START Stored data

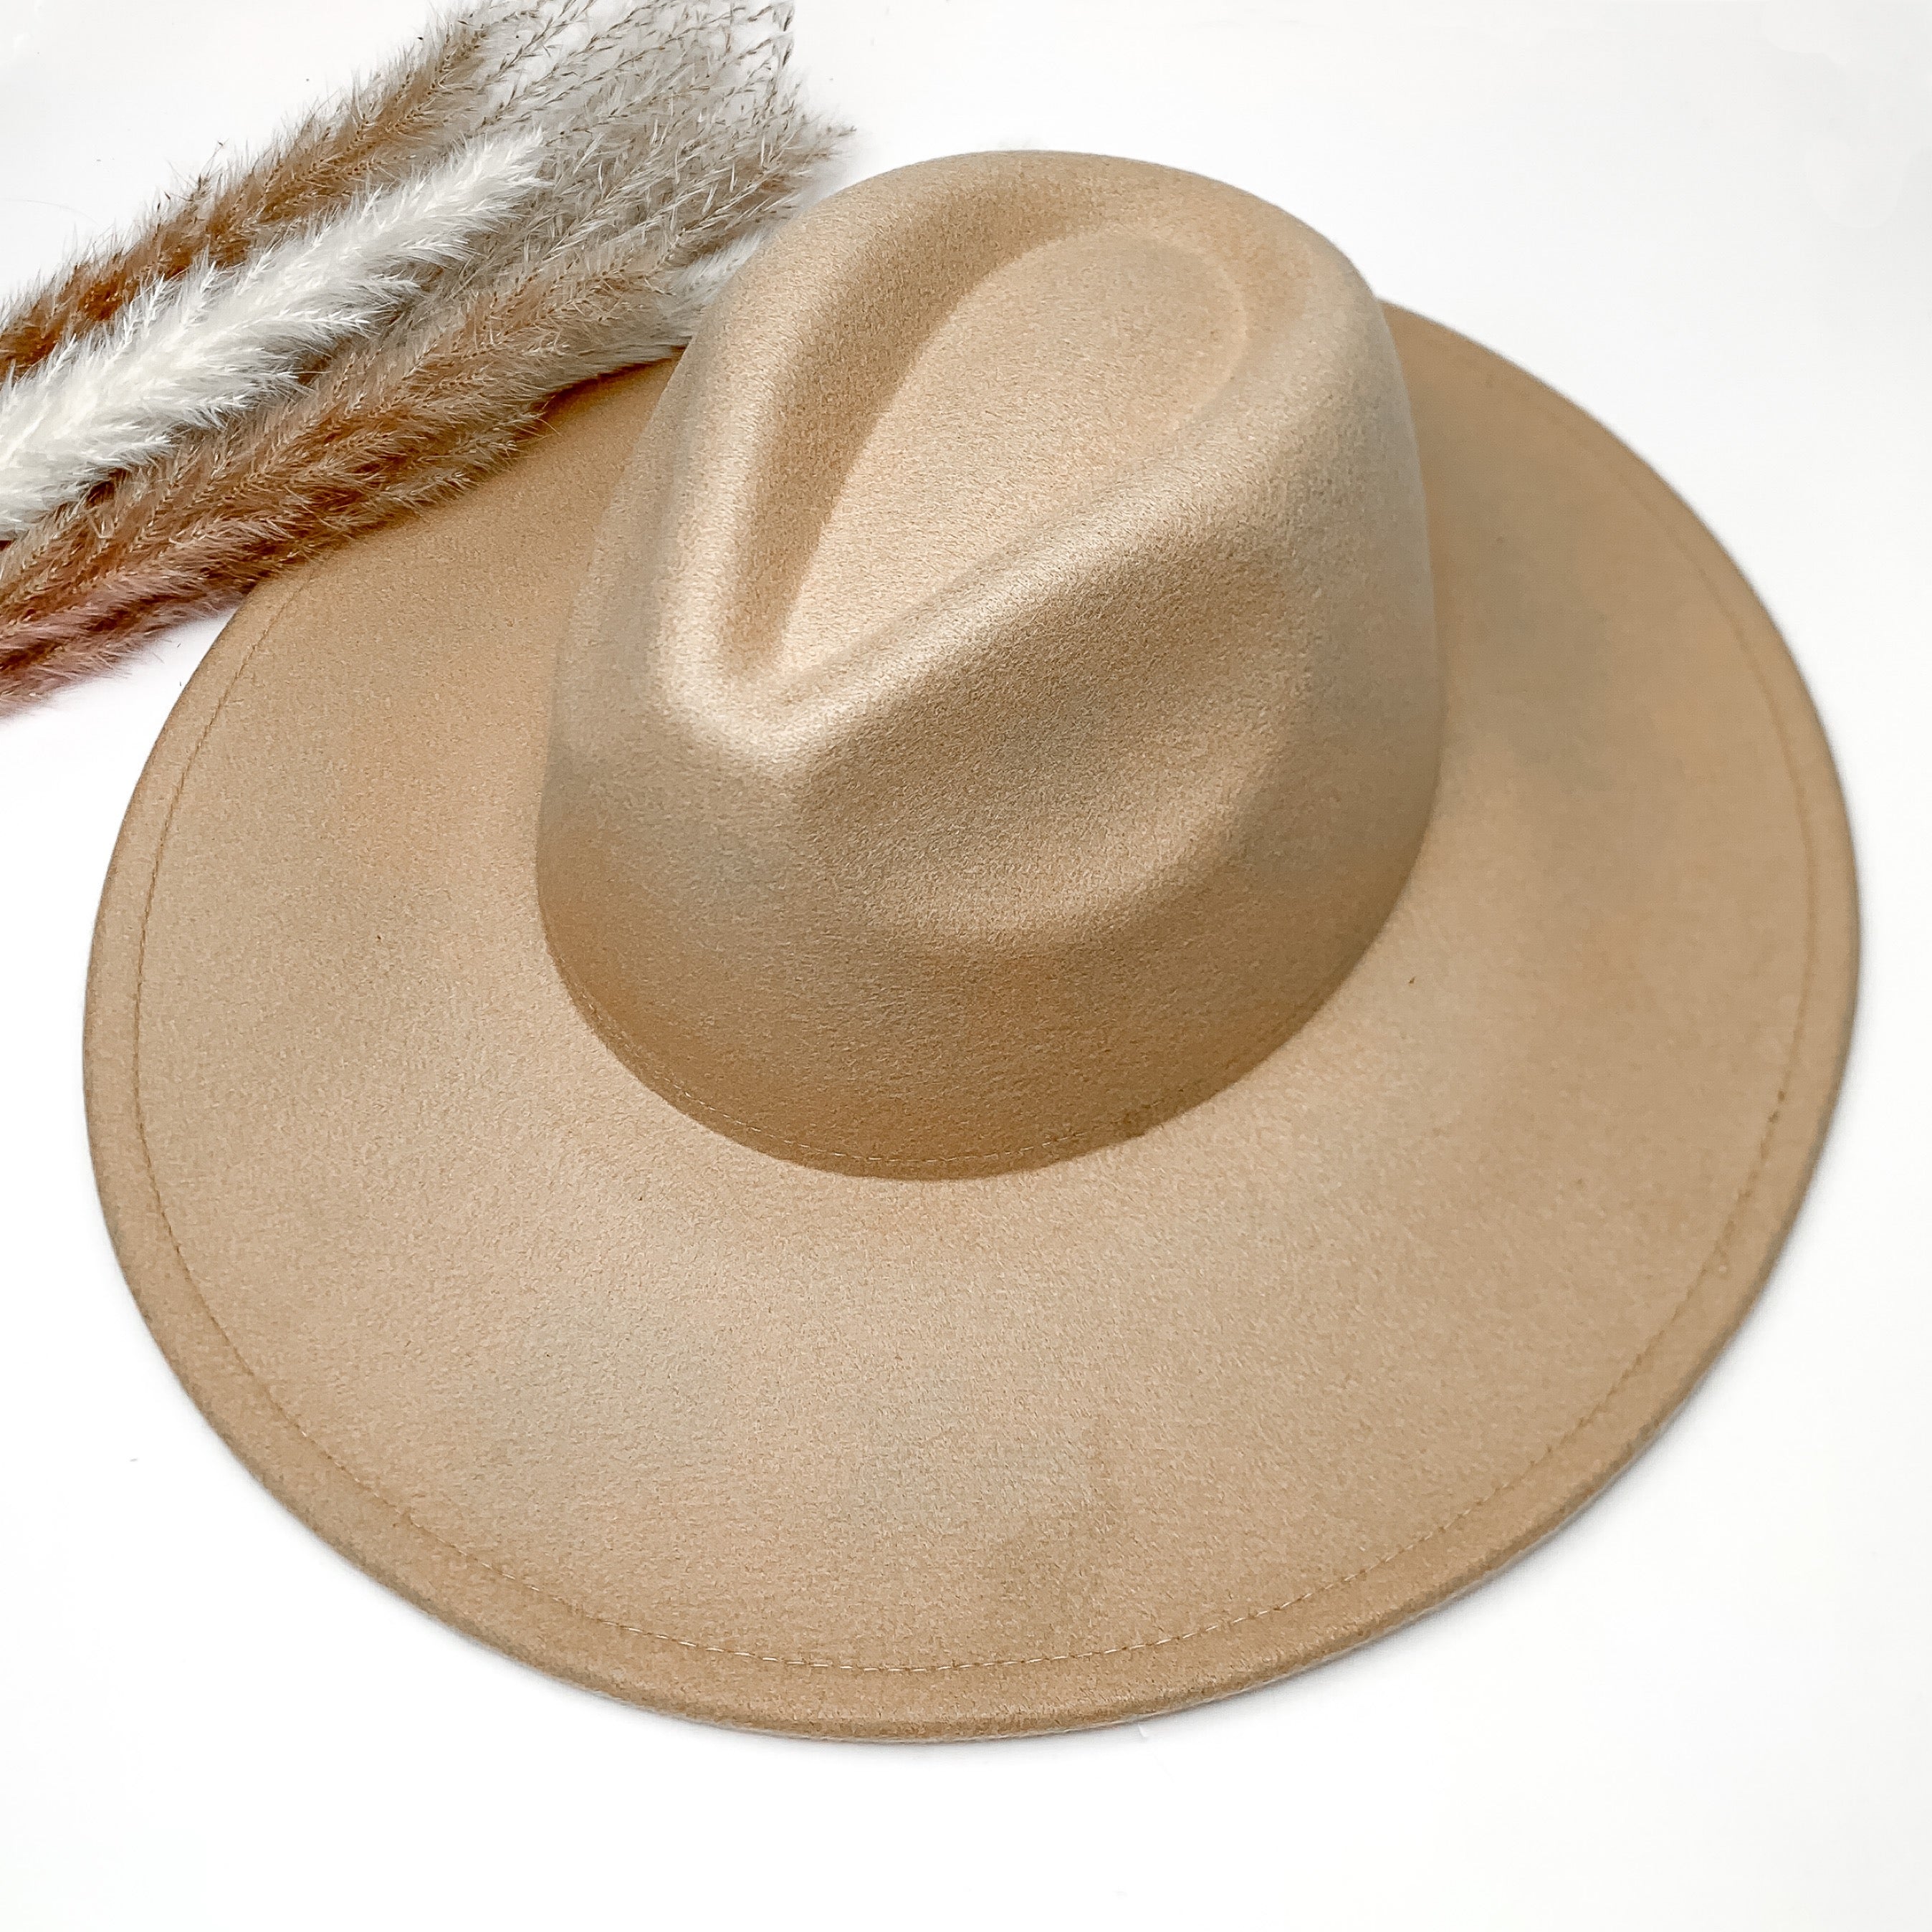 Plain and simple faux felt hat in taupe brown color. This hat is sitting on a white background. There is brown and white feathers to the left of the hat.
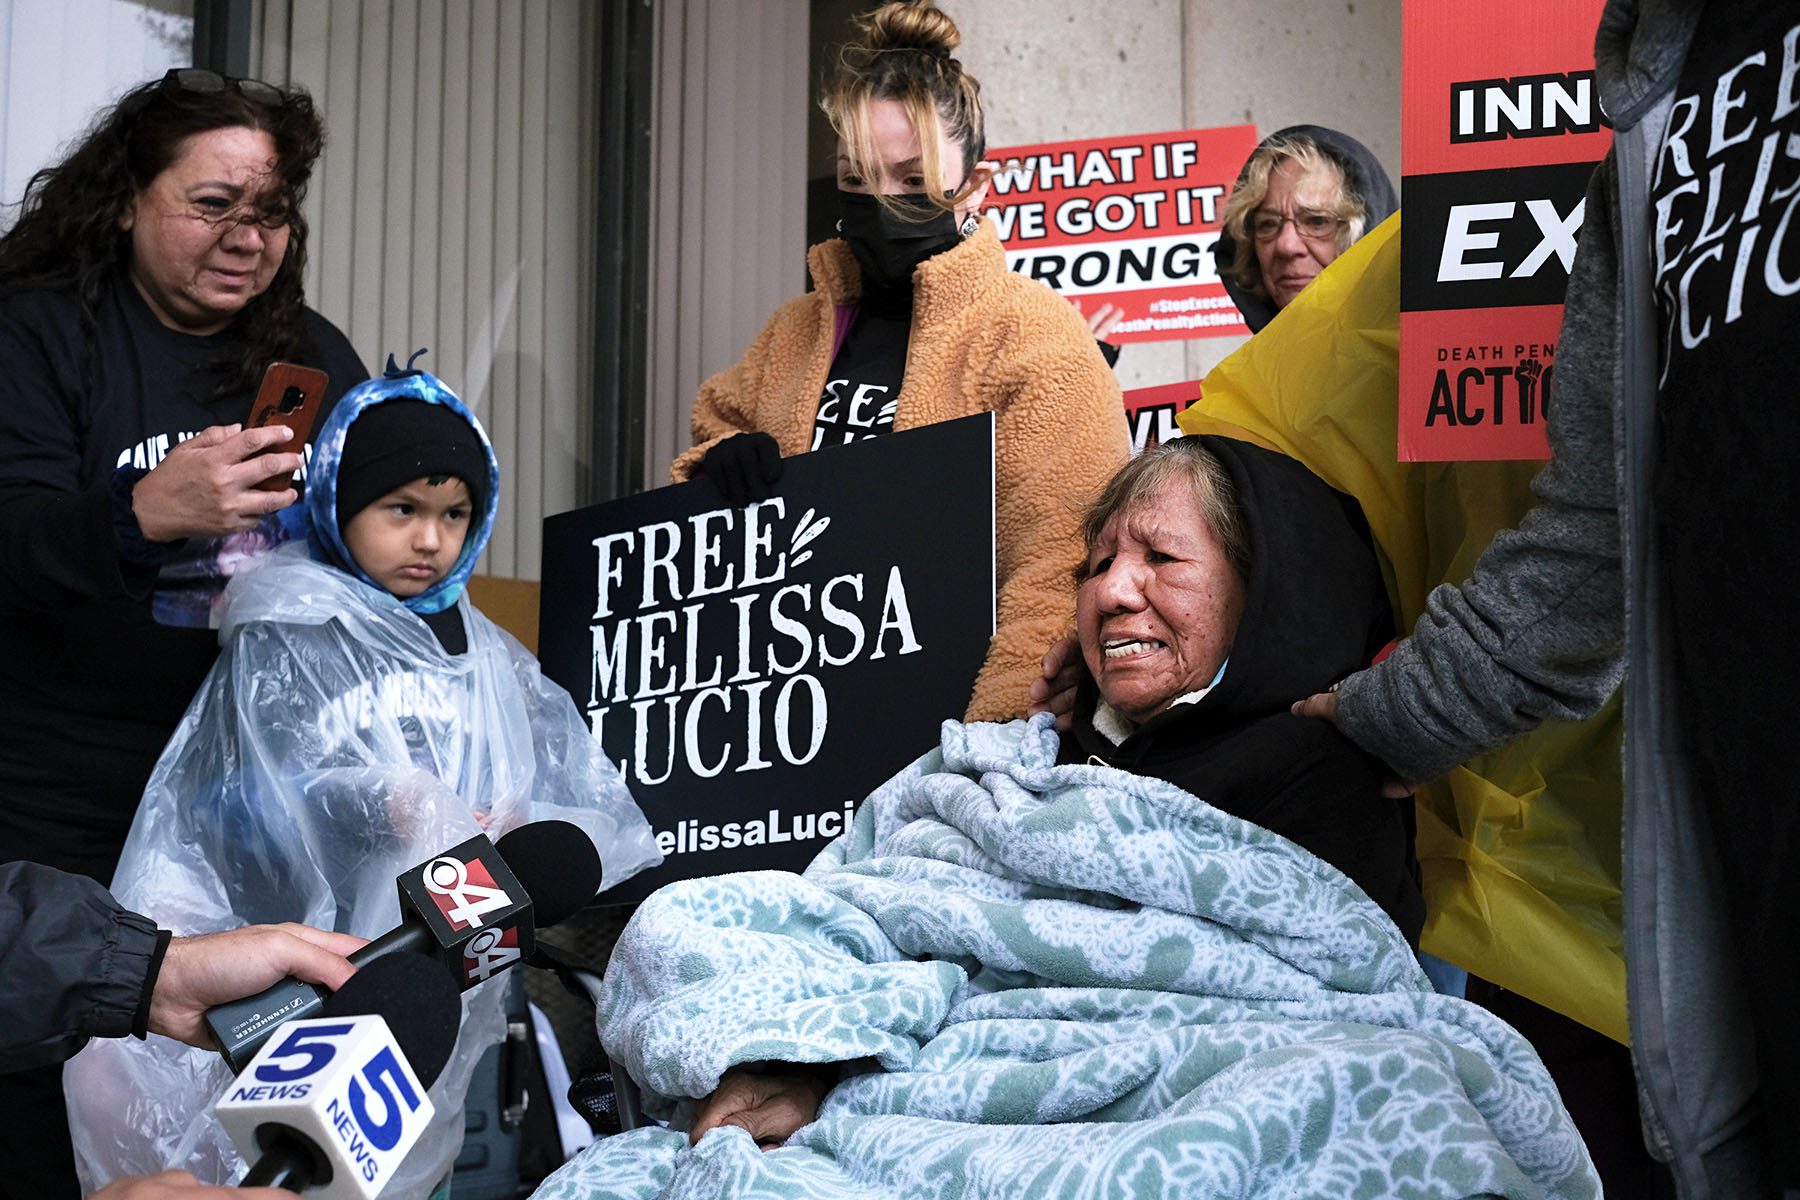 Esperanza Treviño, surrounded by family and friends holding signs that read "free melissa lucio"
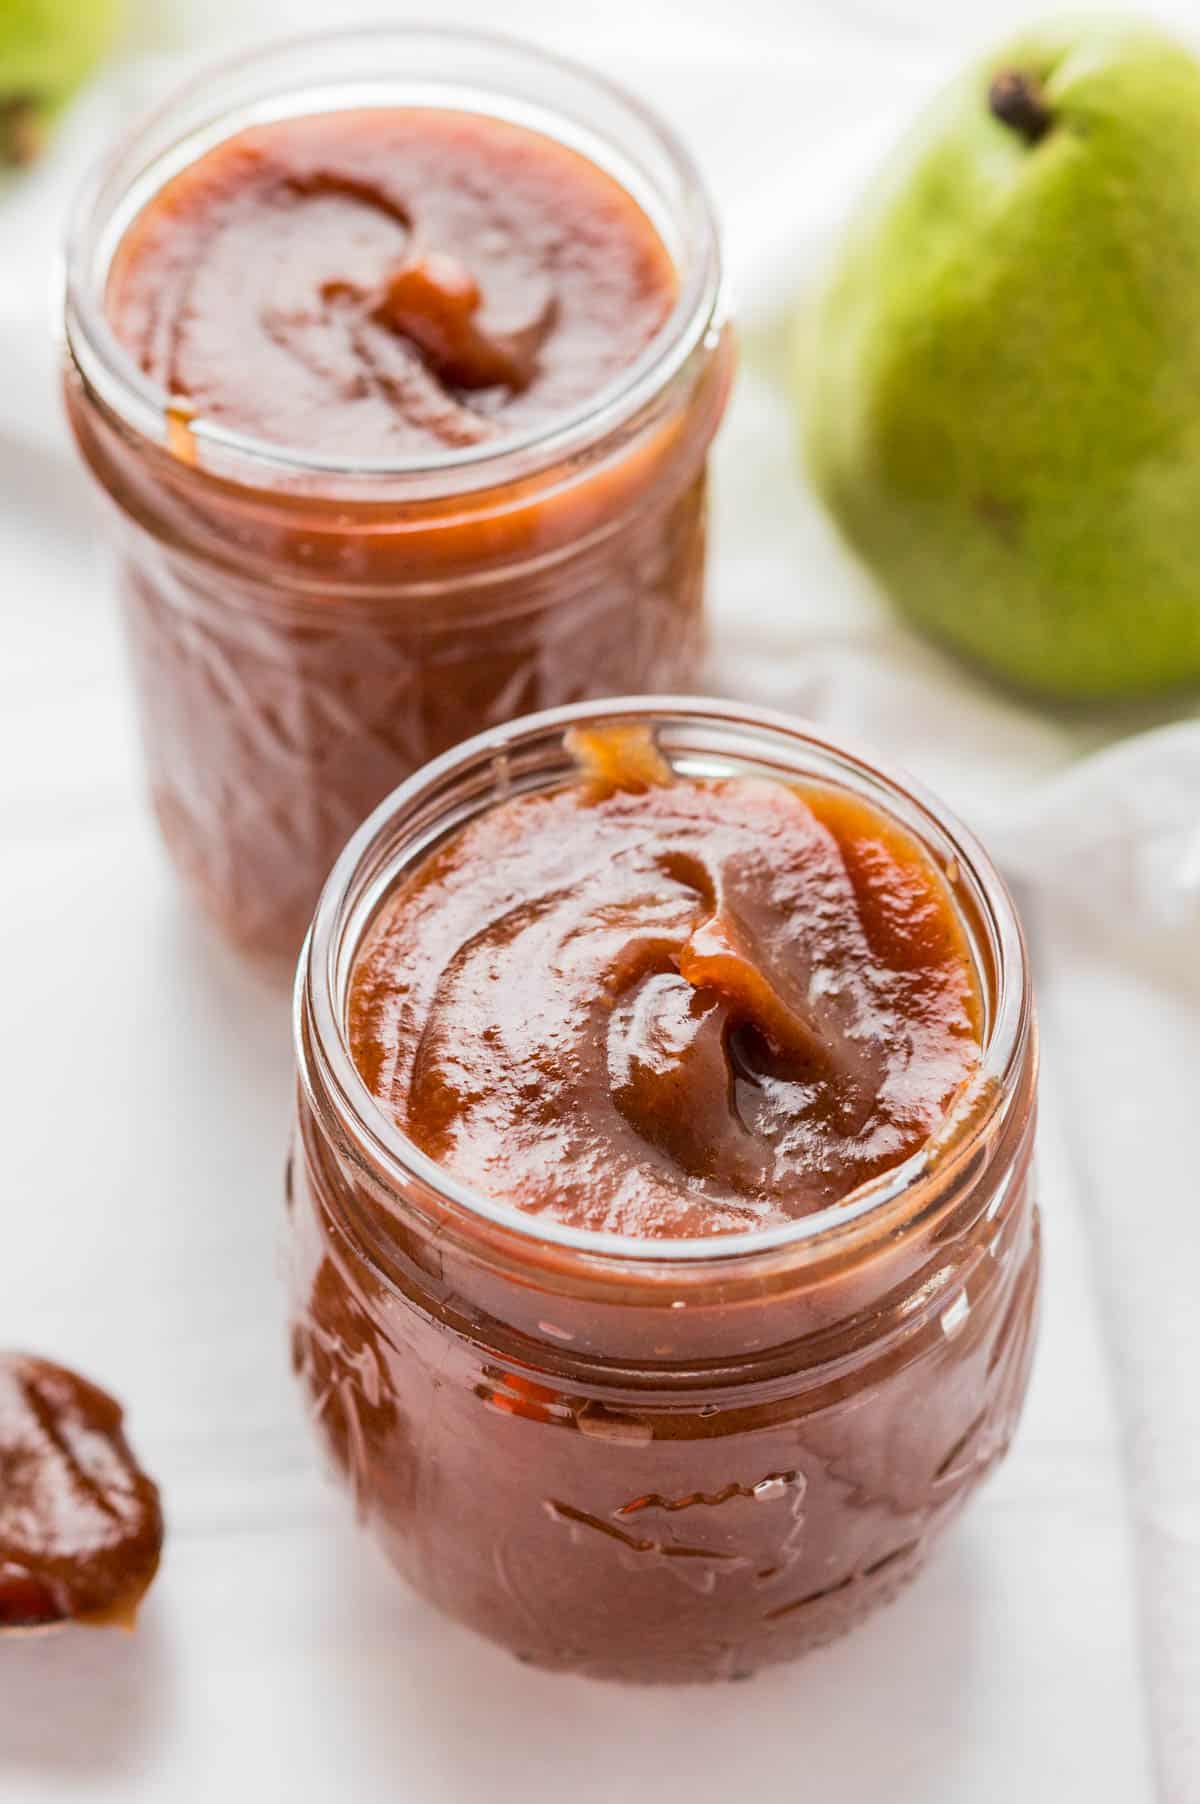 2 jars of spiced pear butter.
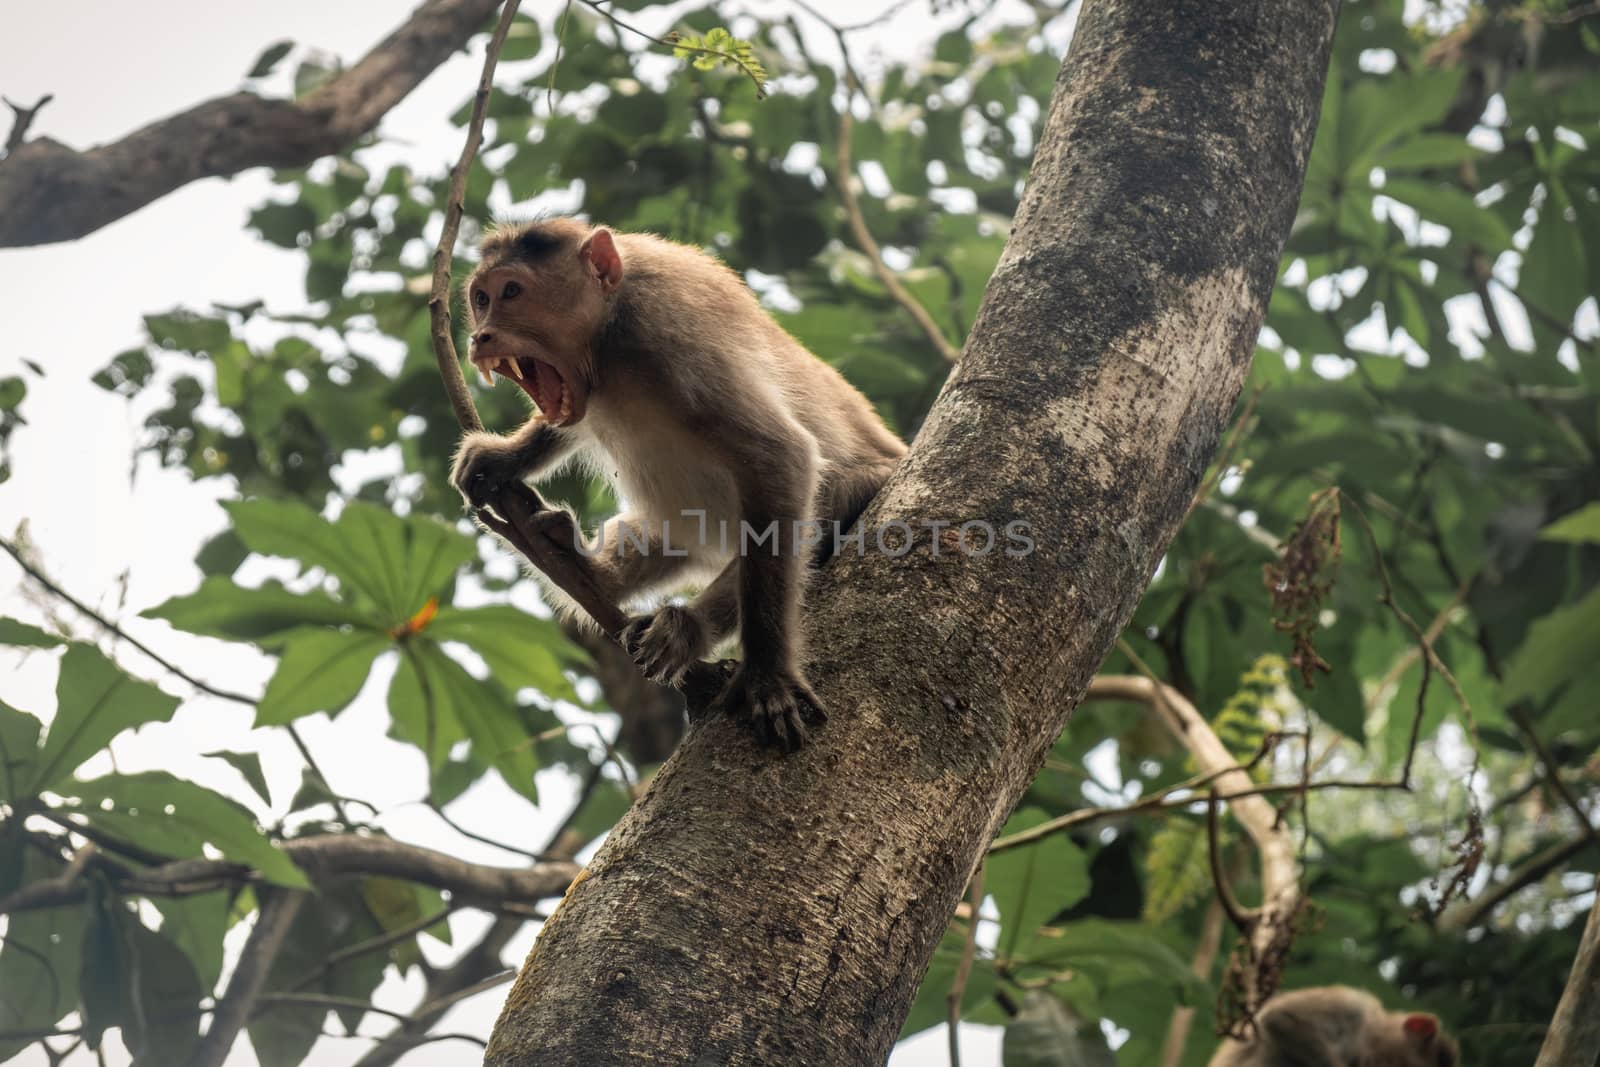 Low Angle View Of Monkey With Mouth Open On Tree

END Stored data

■ Problem requirements ■
Provide the listing above once more, exactly, with the pictures removed.

■ Worked solution ■
 Plain and simple faux felt hat in taupe brown color. This hat is sitting on a white background. There is brown and white feathers to the left of the hat.
 Esperanza Treviño, surrounded by family and friends holding signs that read "free melissa lucio"
 2 jars of spiced pear butter.
 Low Angle View Of Monkey With Mouth Open On Tree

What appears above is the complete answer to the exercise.